Earlier this year, at 29 years old, Glas was signed by the Kansas City Current, transferring from FC Bayern Munich across the Atlantic. Professionally, it was a big move; she’d be playing for a National Women’s Soccer League team in the US and could continue rehab for the severe knee injury she’d suffered the year before.
But moving to Kansas City meant more than just taking a different direction in her already flourishing career. Next year, the team will play in a new stadium: the first ever purpose-built exclusively for a professional women’s sports team.
“I’m so excited and nervous at the same time,” Glas said. “To have a fully packed stadium, just there to watch us, will be so cool.”

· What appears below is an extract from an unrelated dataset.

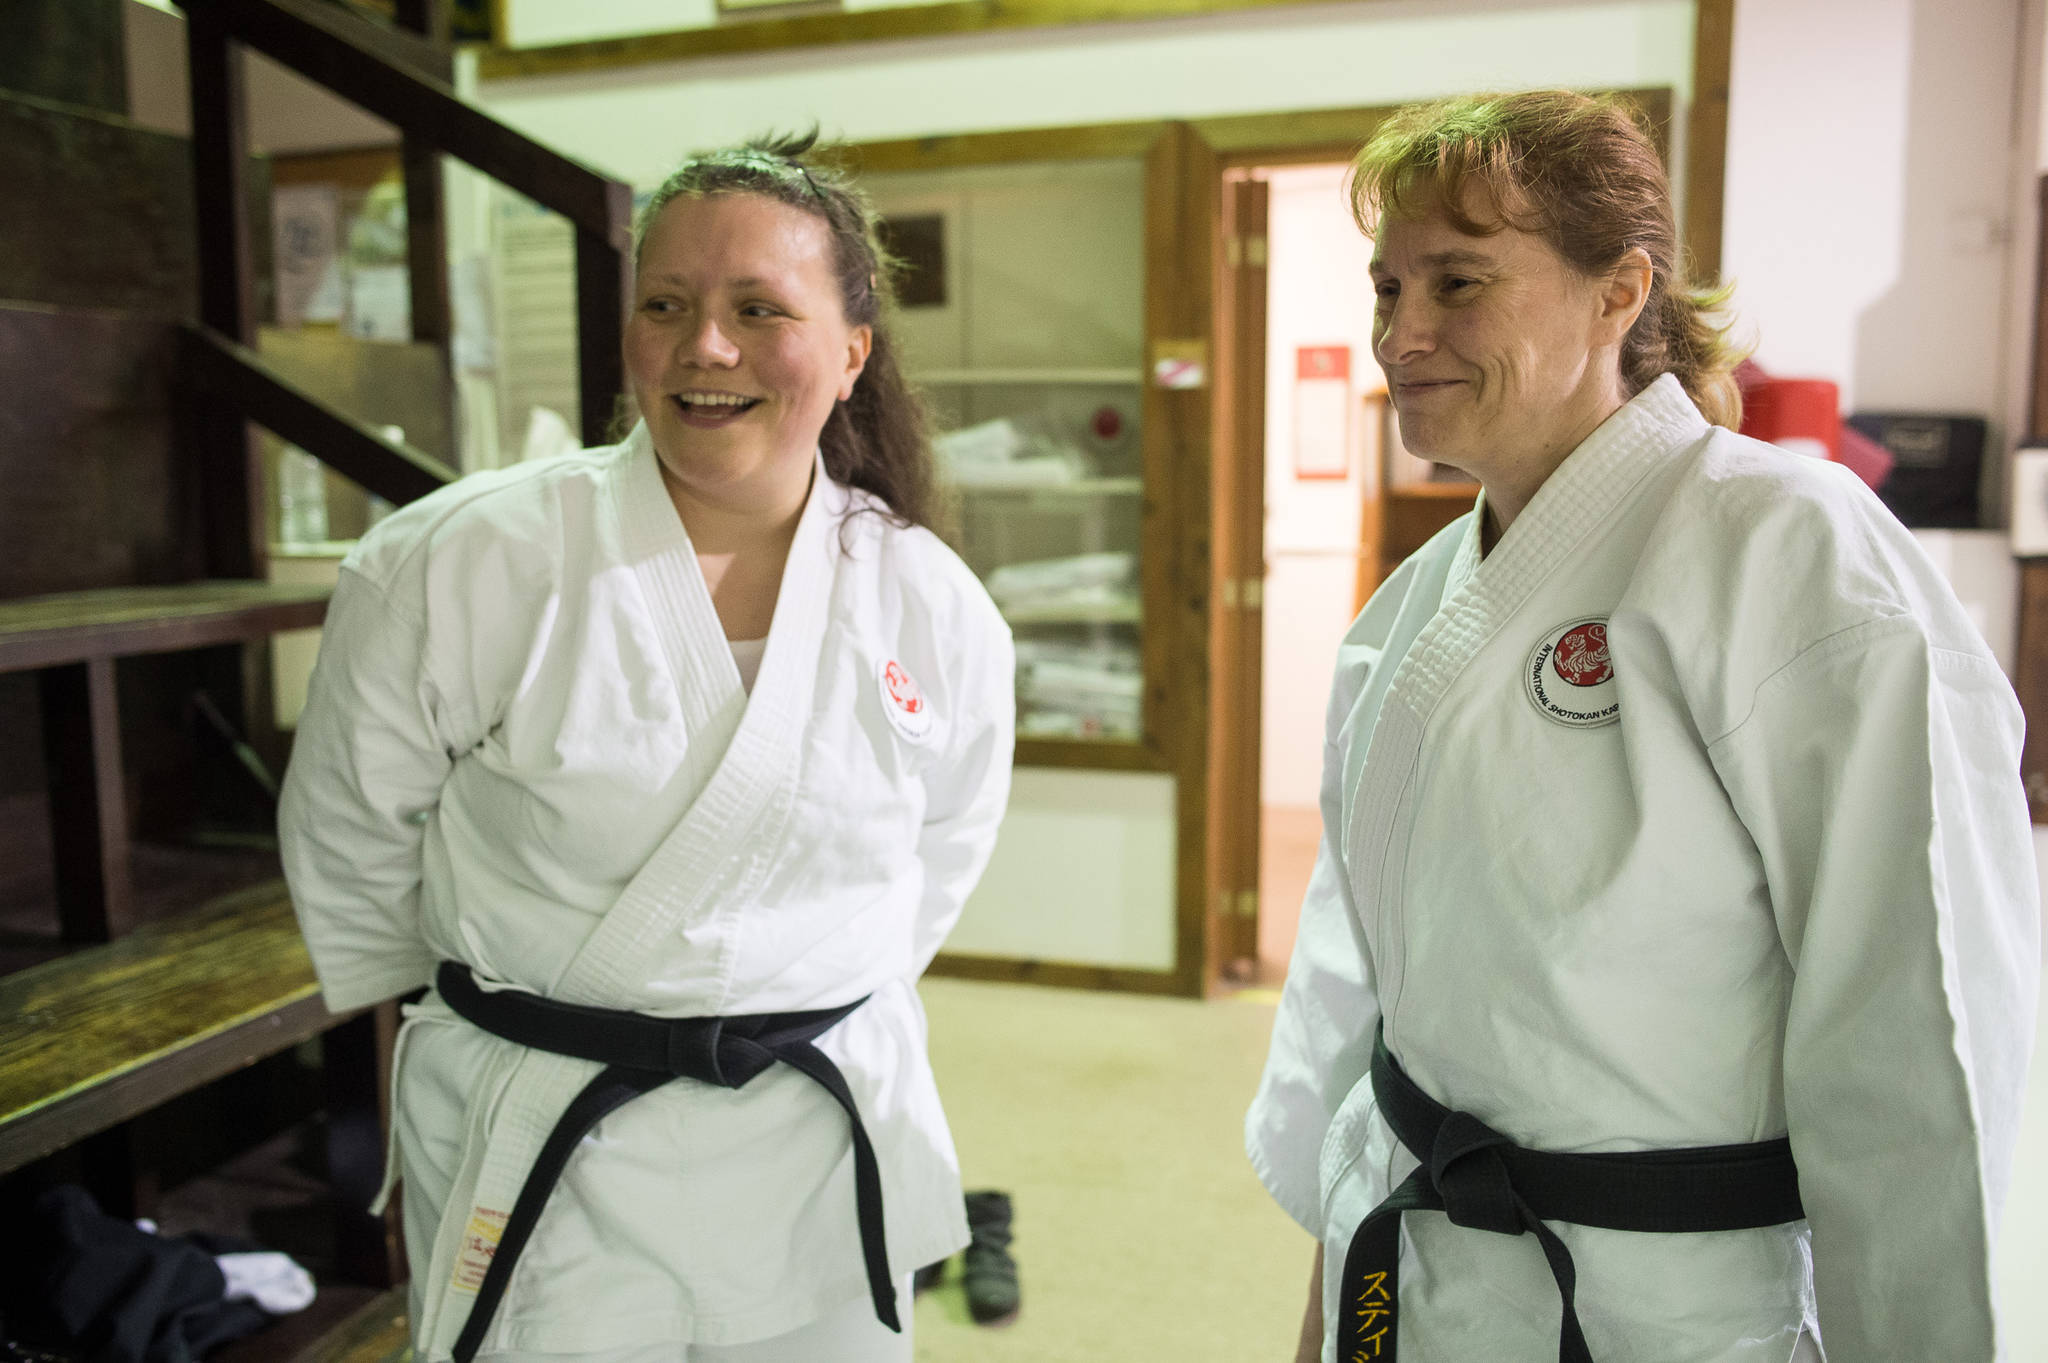 Maraiya Gentili, left, and Stacey Poulson at Juneau Shotokan Karate on Thursday, Oct. 5, 2017. Gentili was recently awarded her second degree black belt. Poulson was recently awarded her third degree black belt. (Michael Penn | Juneau Empire)

Beginning in the spring of 2024, just in time for their fourth season in the NWSL, KC Current will train and play matches in this new $120m facility. Located at the Berkley Riverfront Park, in the heart of downtown Kansas City, the stadium looks out onto the tranquil waters of the Missouri River. It boasts two grass pitches, Fifa-approved turf layering and rooms tailored to recovery, wellness and weight training. The squad will even have a high-performance chef on site.

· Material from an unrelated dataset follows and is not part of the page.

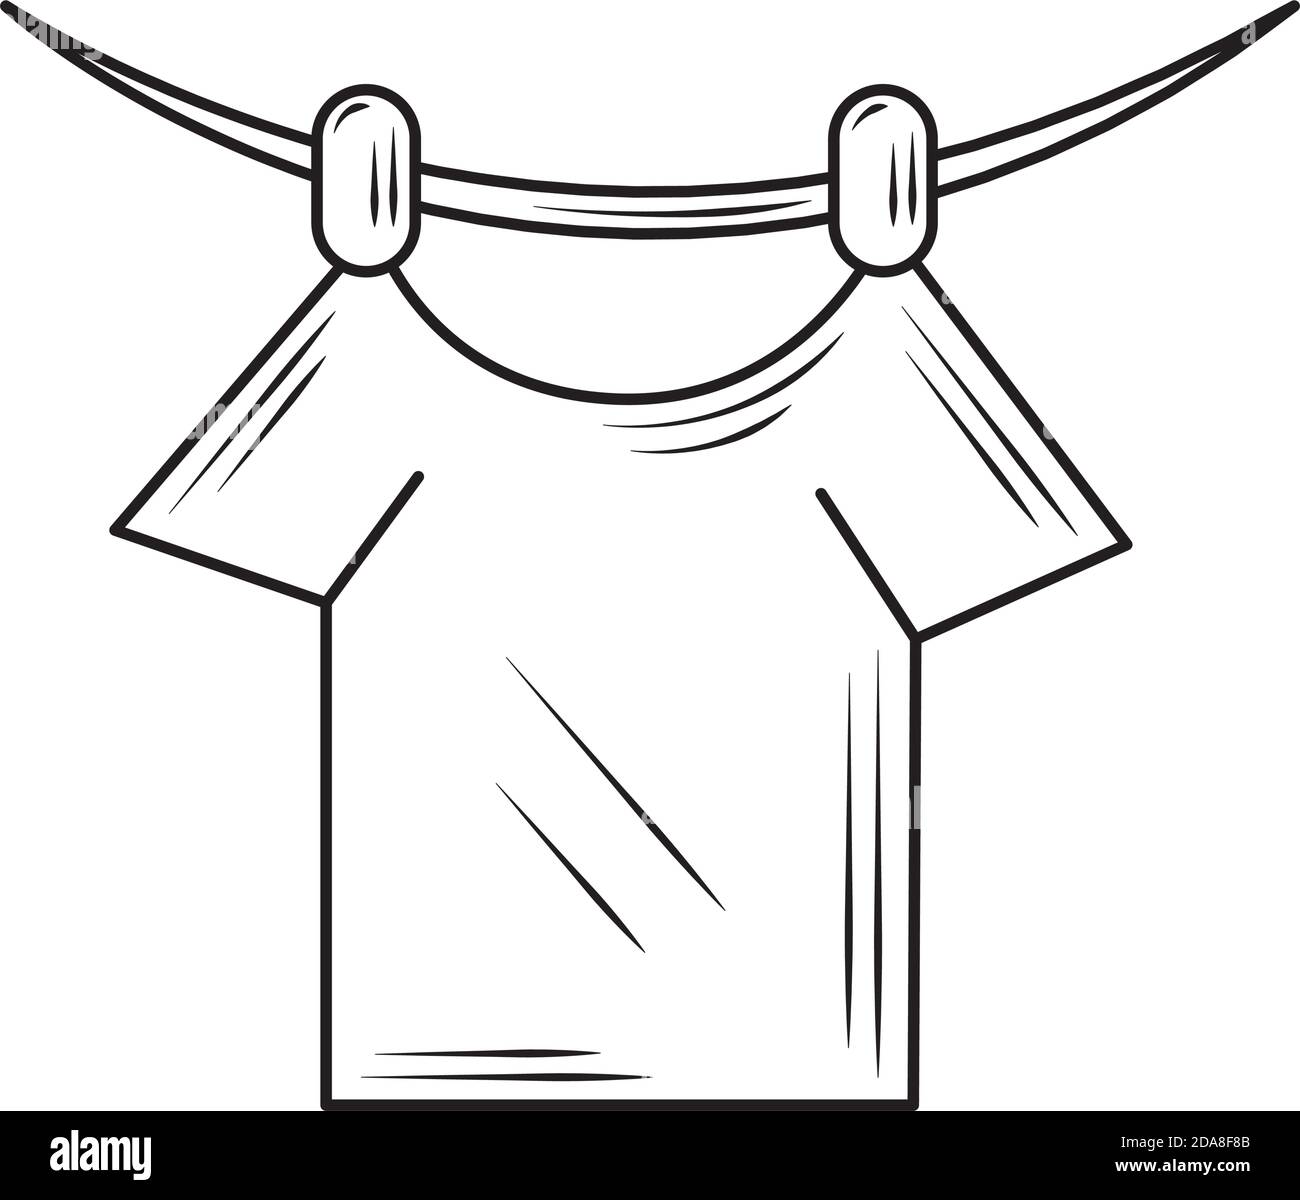 clothes line clip art black and white

Through the open corner layout, buildings across the city’s skyline silhouette across the stands, which can seat 11,500 people for the opening. This could possibly extend to 22,000.
For players and fans alike, this facility is a significant step up. Currently, the team plays at Children’s Mercy Park, a stadium further west of the city, near the speedway, that they share with Major League Soccer’s Sporting Kansas City. Before that, it was a baseball field.
“Finally, people are going to be scheduling around us,” said Katrina Hawkins, a longtime fan and president of the KC Blue Crew, the Current’s official supporters’ group.
“When I first saw the new stadium, I was blown away. At long last, there’s a place for us that we can come to,” Hawkins added.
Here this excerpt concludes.